Neuroglycerin / neukrill-net-tools

Tools coded as part of the NDSB competition.
MIT License
0 stars 0 forks source link

Stereopsis/redshift transformation #117

Closed gngdb closed 9 years ago

gngdb commented 9 years ago

In these images, size matters because they're taken at a constant scale. We also know that it's possible to use just the size of the images to improve your score. Currently, the network resizes everything to the same size and loses any information about the original size of the image. We considered keeping the sizes the same with the shapefix transformation; padding the image into the space of larger images. That's not ideal because it increases the size of our images unnecessarily (most of the images are small).

To keep the images small, and still maintain information about size we could leverage another channel. One way we could do this by appealing to the idea of how people look at things with stereopsis; supply two channels with distortions based on the different viewpoints of each eye dependent on image size.

An even easier way to code it in would be by appealing to redshift (I know it's based on speed, but why not distance?), and scaling the colour of the images between blue and red (just use two channels) depending on how large the image was before resizing.

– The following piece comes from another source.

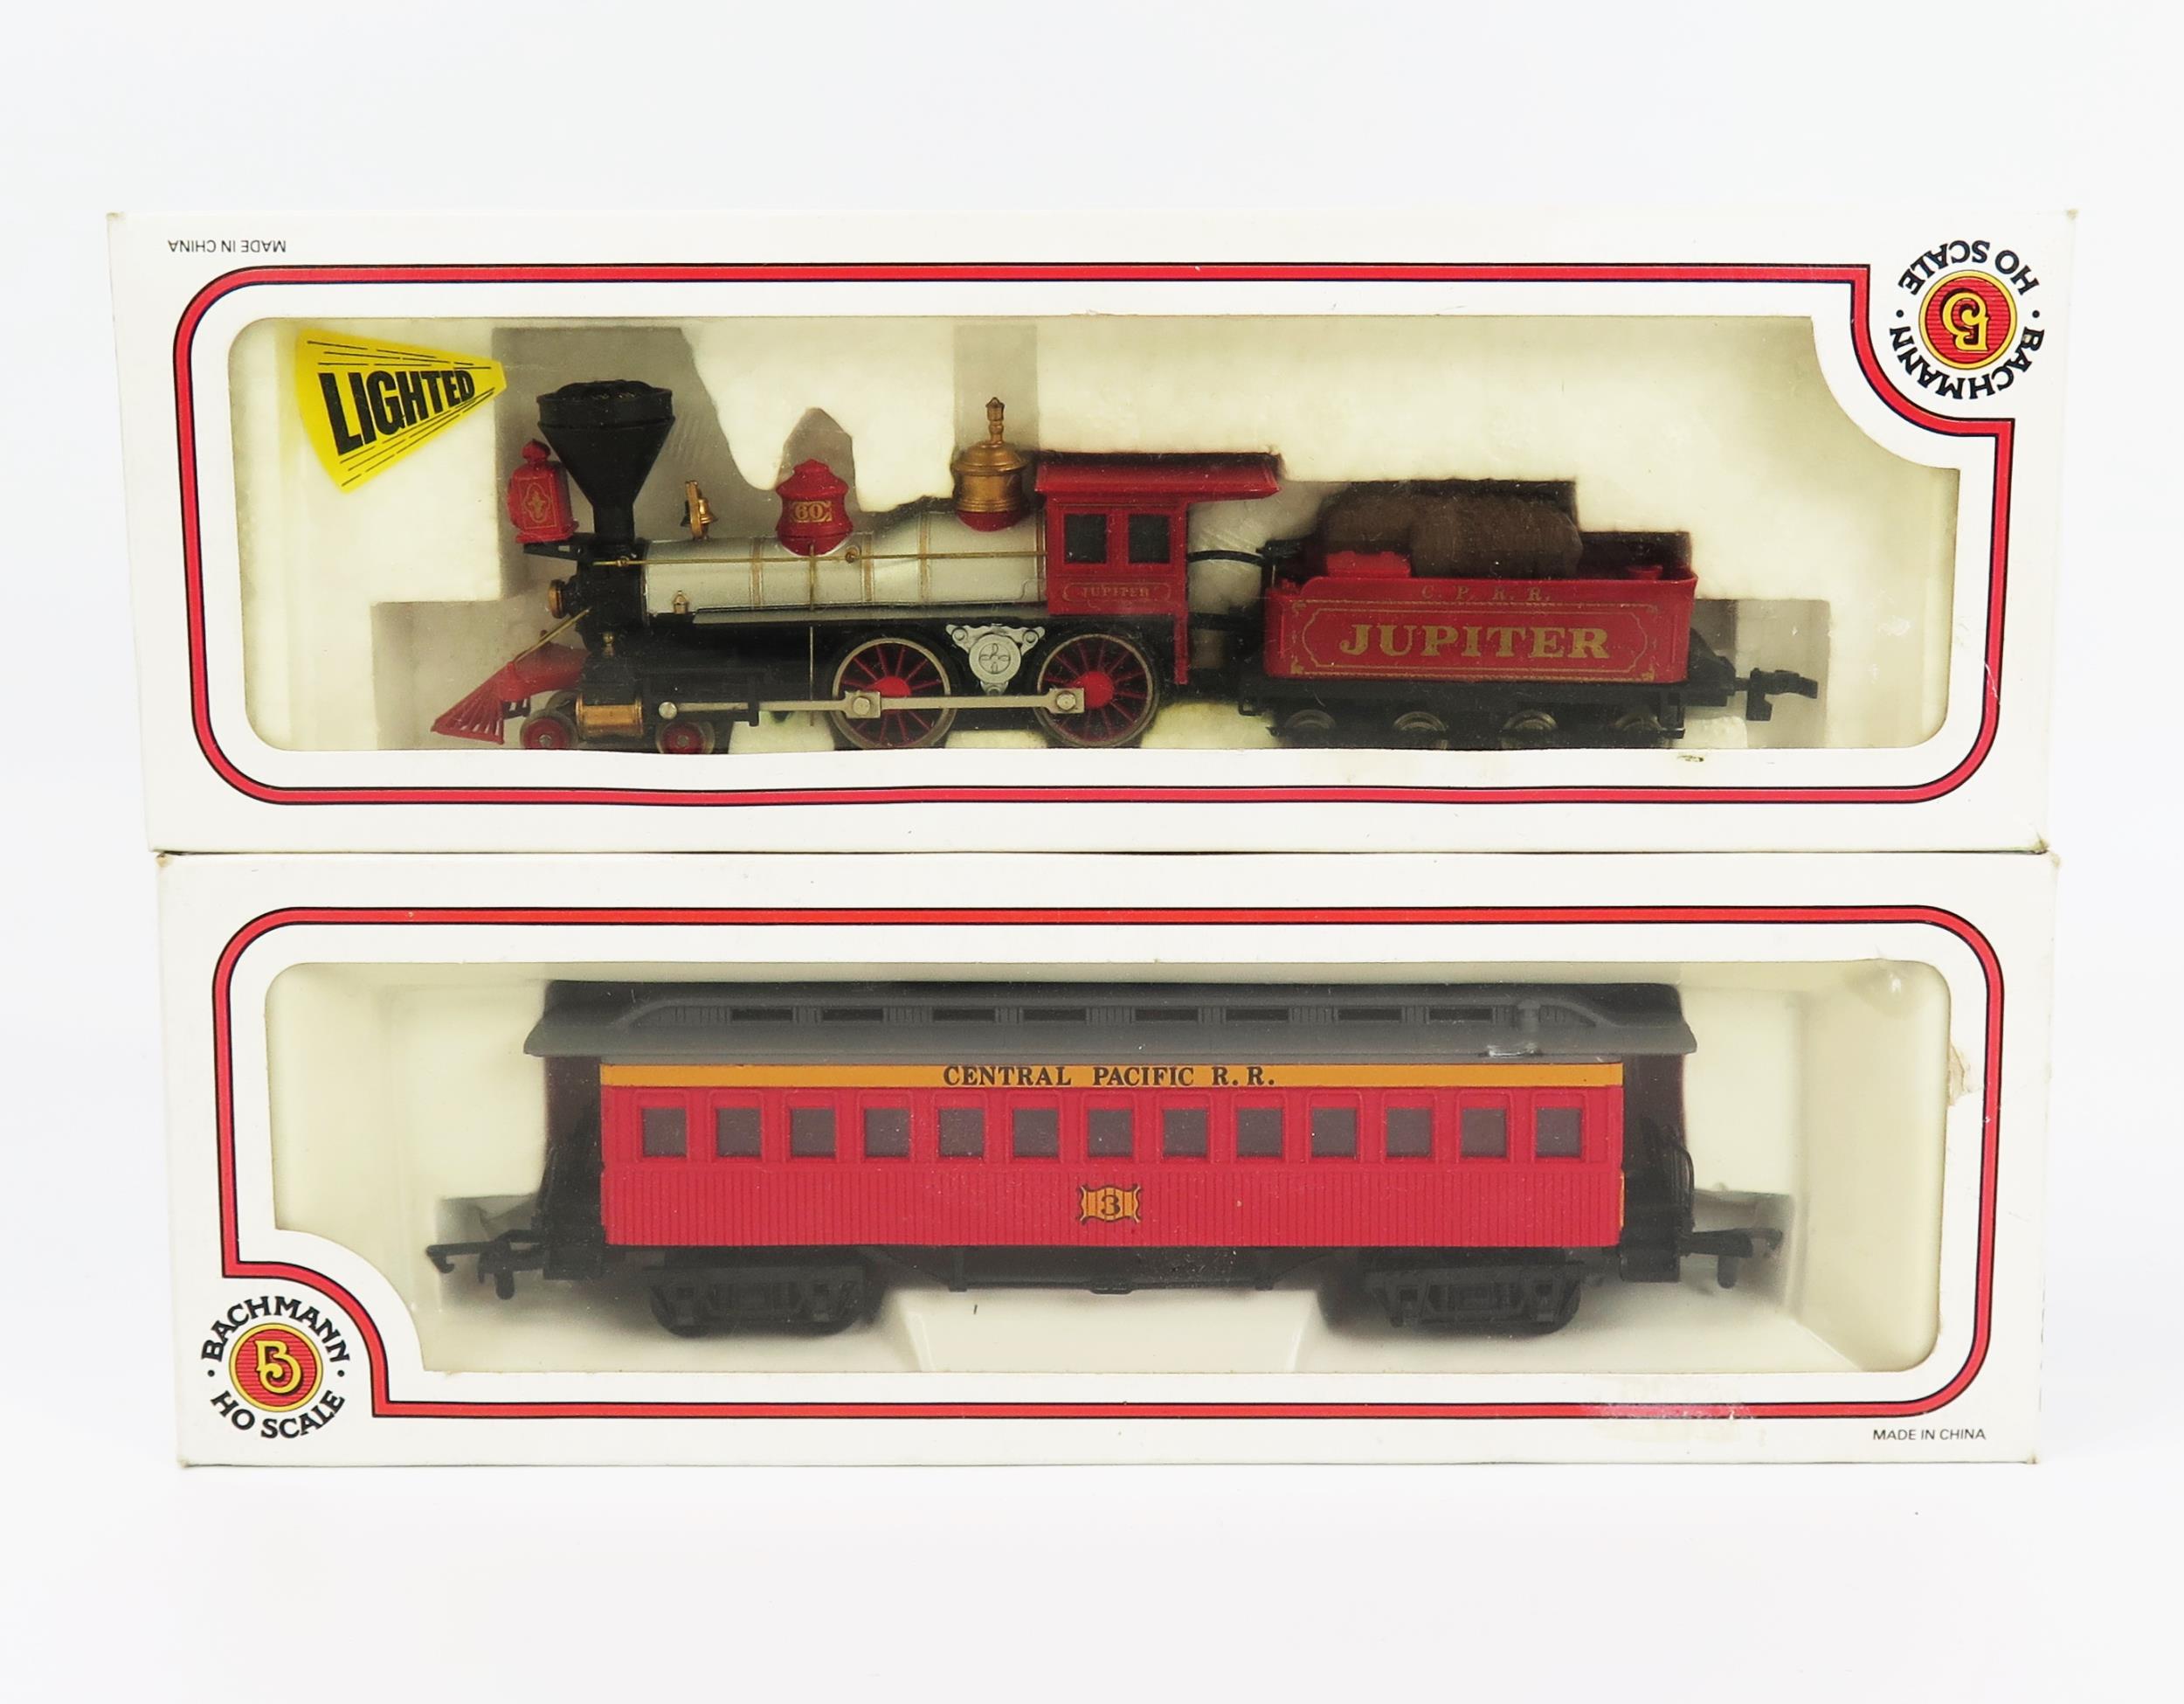 Bachmann HO / OO Gauge 51024 Central Pacific American 4-4-0 Loco (lighted) and matching 72924 47'

Of course, we'd probably also do well by placing extra information in later fully connected layers; but how to implement that is still pending.

scottclowe commented 9 years ago

Since we have grey-scale images, wouldn't redshifting them be a 6-fold increase in the size of the input space?

Maybe we could do a "wavelet" style thing where we use shapefix with different zoom factors? a channel with image at 1:1, and another at 2:1 or 4:1?

Or input the resized version and a 4:1 scaled shapefixed version?

gngdb commented 9 years ago

6-fold? Isn't it just two fold? Don't need to actually make them RGB, just change the 48 by 48 by 1 tensor to a 48 by 48 by 2 tensor. Only doubles the input space.

Yeah, two channels, one resize and one shapefixed might also work.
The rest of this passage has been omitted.